> **EXTRACTED INFORMATION**
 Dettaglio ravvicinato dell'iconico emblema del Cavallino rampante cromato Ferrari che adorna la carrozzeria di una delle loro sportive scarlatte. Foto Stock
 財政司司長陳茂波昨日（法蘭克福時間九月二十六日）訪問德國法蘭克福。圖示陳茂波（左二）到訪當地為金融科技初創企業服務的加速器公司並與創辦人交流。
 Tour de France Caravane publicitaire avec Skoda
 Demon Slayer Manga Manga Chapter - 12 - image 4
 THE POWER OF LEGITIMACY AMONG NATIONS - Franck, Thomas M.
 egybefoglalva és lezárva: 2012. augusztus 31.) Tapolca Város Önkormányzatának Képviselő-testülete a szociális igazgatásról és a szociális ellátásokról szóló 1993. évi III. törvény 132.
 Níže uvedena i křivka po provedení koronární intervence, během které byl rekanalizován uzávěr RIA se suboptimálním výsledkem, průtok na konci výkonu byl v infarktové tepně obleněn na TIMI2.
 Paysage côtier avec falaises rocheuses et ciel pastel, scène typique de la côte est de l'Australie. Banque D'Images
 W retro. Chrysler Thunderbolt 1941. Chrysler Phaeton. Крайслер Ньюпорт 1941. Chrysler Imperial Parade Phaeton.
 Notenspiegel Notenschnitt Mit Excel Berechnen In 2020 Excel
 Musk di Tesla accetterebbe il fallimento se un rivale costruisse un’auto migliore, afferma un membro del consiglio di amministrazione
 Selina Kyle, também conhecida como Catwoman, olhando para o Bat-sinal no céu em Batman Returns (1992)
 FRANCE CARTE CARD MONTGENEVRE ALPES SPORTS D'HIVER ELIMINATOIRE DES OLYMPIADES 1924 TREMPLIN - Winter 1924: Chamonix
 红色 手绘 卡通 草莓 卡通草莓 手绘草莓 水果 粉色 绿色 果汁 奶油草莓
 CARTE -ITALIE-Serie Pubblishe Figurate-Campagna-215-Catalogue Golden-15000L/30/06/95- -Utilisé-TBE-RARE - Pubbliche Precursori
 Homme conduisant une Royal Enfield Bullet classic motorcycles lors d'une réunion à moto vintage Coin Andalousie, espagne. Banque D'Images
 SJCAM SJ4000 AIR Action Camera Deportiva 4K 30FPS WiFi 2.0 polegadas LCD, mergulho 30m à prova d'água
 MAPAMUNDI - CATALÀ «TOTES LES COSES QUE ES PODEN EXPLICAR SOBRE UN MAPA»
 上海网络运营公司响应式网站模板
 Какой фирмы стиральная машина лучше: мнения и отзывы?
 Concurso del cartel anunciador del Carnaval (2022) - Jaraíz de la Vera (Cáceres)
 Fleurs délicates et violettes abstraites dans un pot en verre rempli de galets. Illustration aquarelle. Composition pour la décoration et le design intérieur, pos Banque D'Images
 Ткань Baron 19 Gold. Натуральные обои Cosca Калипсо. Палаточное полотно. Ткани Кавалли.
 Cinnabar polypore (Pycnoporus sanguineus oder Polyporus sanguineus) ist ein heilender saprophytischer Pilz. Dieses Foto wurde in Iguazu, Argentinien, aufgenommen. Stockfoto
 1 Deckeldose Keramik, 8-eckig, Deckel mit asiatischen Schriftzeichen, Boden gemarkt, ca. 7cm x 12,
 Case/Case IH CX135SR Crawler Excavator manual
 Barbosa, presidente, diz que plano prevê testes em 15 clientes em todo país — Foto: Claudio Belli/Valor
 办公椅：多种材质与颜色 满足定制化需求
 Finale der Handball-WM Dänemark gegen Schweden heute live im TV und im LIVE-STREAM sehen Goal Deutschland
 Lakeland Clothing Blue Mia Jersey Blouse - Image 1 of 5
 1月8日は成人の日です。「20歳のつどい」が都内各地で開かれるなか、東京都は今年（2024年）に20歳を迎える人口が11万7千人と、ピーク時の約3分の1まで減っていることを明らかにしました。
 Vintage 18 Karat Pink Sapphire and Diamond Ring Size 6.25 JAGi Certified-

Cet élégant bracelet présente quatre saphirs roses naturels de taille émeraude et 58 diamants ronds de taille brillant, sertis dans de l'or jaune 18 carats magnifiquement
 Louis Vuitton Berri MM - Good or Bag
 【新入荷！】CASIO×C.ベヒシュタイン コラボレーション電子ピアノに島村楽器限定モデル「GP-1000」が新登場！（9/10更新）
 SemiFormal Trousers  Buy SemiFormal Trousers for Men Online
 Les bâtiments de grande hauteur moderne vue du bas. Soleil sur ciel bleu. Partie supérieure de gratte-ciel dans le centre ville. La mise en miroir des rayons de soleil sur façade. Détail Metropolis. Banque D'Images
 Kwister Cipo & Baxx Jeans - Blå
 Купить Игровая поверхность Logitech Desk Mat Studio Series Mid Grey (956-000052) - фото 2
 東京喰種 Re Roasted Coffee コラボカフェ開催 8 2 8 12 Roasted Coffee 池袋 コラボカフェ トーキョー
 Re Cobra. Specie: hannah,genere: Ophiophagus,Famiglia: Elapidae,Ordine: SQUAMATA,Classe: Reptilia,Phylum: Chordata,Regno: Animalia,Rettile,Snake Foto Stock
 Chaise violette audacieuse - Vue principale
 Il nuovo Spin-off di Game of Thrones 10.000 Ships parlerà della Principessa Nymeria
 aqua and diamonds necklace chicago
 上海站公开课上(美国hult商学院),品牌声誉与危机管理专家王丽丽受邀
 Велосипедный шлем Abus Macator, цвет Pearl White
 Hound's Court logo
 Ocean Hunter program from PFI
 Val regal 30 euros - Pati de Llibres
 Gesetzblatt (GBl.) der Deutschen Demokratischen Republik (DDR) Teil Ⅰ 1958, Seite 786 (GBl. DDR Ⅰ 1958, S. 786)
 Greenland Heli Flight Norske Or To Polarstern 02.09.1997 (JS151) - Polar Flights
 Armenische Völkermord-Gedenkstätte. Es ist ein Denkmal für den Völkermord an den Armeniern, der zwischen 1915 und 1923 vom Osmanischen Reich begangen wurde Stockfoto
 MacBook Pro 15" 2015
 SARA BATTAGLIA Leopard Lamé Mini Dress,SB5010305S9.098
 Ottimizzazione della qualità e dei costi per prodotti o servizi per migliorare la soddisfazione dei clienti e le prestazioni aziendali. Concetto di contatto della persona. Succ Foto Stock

> **WORK INSTRUCTIONS**
An exact restatement of the data above is required.

> **SOLUTION FOR THIS PROBLEM**
 Dettaglio ravvicinato dell'iconico emblema del Cavallino rampante cromato Ferrari che adorna la carrozzeria di una delle loro sportive scarlatte. Foto Stock
 財政司司長陳茂波昨日（法蘭克福時間九月二十六日）訪問德國法蘭克福。圖示陳茂波（左二）到訪當地為金融科技初創企業服務的加速器公司並與創辦人交流。
 Tour de France Caravane publicitaire avec Skoda
 Demon Slayer Manga Manga Chapter - 12 - image 4
 THE POWER OF LEGITIMACY AMONG NATIONS - Franck, Thomas M.
 egybefoglalva és lezárva: 2012. augusztus 31.) Tapolca Város Önkormányzatának Képviselő-testülete a szociális igazgatásról és a szociális ellátásokról szóló 1993. évi III. törvény 132.
 Níže uvedena i křivka po provedení koronární intervence, během které byl rekanalizován uzávěr RIA se suboptimálním výsledkem, průtok na konci výkonu byl v infarktové tepně obleněn na TIMI2.
 Paysage côtier avec falaises rocheuses et ciel pastel, scène typique de la côte est de l'Australie. Banque D'Images
 W retro. Chrysler Thunderbolt 1941. Chrysler Phaeton. Крайслер Ньюпорт 1941. Chrysler Imperial Parade Phaeton.
 Notenspiegel Notenschnitt Mit Excel Berechnen In 2020 Excel
 Musk di Tesla accetterebbe il fallimento se un rivale costruisse un’auto migliore, afferma un membro del consiglio di amministrazione
 Selina Kyle, também conhecida como Catwoman, olhando para o Bat-sinal no céu em Batman Returns (1992)
 FRANCE CARTE CARD MONTGENEVRE ALPES SPORTS D'HIVER ELIMINATOIRE DES OLYMPIADES 1924 TREMPLIN - Winter 1924: Chamonix
 红色 手绘 卡通 草莓 卡通草莓 手绘草莓 水果 粉色 绿色 果汁 奶油草莓
 CARTE -ITALIE-Serie Pubblishe Figurate-Campagna-215-Catalogue Golden-15000L/30/06/95- -Utilisé-TBE-RARE - Pubbliche Precursori
 Homme conduisant une Royal Enfield Bullet classic motorcycles lors d'une réunion à moto vintage Coin Andalousie, espagne. Banque D'Images
 SJCAM SJ4000 AIR Action Camera Deportiva 4K 30FPS WiFi 2.0 polegadas LCD, mergulho 30m à prova d'água
 MAPAMUNDI - CATALÀ «TOTES LES COSES QUE ES PODEN EXPLICAR SOBRE UN MAPA»
 上海网络运营公司响应式网站模板
 Какой фирмы стиральная машина лучше: мнения и отзывы?
 Concurso del cartel anunciador del Carnaval (2022) - Jaraíz de la Vera (Cáceres)
 Fleurs délicates et violettes abstraites dans un pot en verre rempli de galets. Illustration aquarelle. Composition pour la décoration et le design intérieur, pos Banque D'Images
 Ткань Baron 19 Gold. Натуральные обои Cosca Калипсо. Палаточное полотно. Ткани Кавалли.
 Cinnabar polypore (Pycnoporus sanguineus oder Polyporus sanguineus) ist ein heilender saprophytischer Pilz. Dieses Foto wurde in Iguazu, Argentinien, aufgenommen. Stockfoto
 1 Deckeldose Keramik, 8-eckig, Deckel mit asiatischen Schriftzeichen, Boden gemarkt, ca. 7cm x 12,
 Case/Case IH CX135SR Crawler Excavator manual
 Barbosa, presidente, diz que plano prevê testes em 15 clientes em todo país — Foto: Claudio Belli/Valor
 办公椅：多种材质与颜色 满足定制化需求
 Finale der Handball-WM Dänemark gegen Schweden heute live im TV und im LIVE-STREAM sehen Goal Deutschland
 Lakeland Clothing Blue Mia Jersey Blouse - Image 1 of 5
 1月8日は成人の日です。「20歳のつどい」が都内各地で開かれるなか、東京都は今年（2024年）に20歳を迎える人口が11万7千人と、ピーク時の約3分の1まで減っていることを明らかにしました。
 Vintage 18 Karat Pink Sapphire and Diamond Ring Size 6.25 JAGi Certified-

Cet élégant bracelet présente quatre saphirs roses naturels de taille émeraude et 58 diamants ronds de taille brillant, sertis dans de l'or jaune 18 carats magnifiquement
 Louis Vuitton Berri MM - Good or Bag
 【新入荷！】CASIO×C.ベヒシュタイン コラボレーション電子ピアノに島村楽器限定モデル「GP-1000」が新登場！（9/10更新）
 SemiFormal Trousers  Buy SemiFormal Trousers for Men Online
 Les bâtiments de grande hauteur moderne vue du bas. Soleil sur ciel bleu. Partie supérieure de gratte-ciel dans le centre ville. La mise en miroir des rayons de soleil sur façade. Détail Metropolis. Banque D'Images
 Kwister Cipo & Baxx Jeans - Blå
 Купить Игровая поверхность Logitech Desk Mat Studio Series Mid Grey (956-000052) - фото 2
 東京喰種 Re Roasted Coffee コラボカフェ開催 8 2 8 12 Roasted Coffee 池袋 コラボカフェ トーキョー
 Re Cobra. Specie: hannah,genere: Ophiophagus,Famiglia: Elapidae,Ordine: SQUAMATA,Classe: Reptilia,Phylum: Chordata,Regno: Animalia,Rettile,Snake Foto Stock
 Chaise violette audacieuse - Vue principale
 Il nuovo Spin-off di Game of Thrones 10.000 Ships parlerà della Principessa Nymeria
 aqua and diamonds necklace chicago
 上海站公开课上(美国hult商学院),品牌声誉与危机管理专家王丽丽受邀
 Велосипедный шлем Abus Macator, цвет Pearl White
 Hound's Court logo
 Ocean Hunter program from PFI
 Val regal 30 euros - Pati de Llibres
 Gesetzblatt (GBl.) der Deutschen Demokratischen Republik (DDR) Teil Ⅰ 1958, Seite 786 (GBl. DDR Ⅰ 1958, S. 786)
 Greenland Heli Flight Norske Or To Polarstern 02.09.1997 (JS151) - Polar Flights
 Armenische Völkermord-Gedenkstätte. Es ist ein Denkmal für den Völkermord an den Armeniern, der zwischen 1915 und 1923 vom Osmanischen Reich begangen wurde Stockfoto
 MacBook Pro 15" 2015
 SARA BATTAGLIA Leopard Lamé Mini Dress,SB5010305S9.098
 Ottimizzazione della qualità e dei costi per prodotti o servizi per migliorare la soddisfazione dei clienti e le prestazioni aziendali. Concetto di contatto della persona. Succ Foto Stock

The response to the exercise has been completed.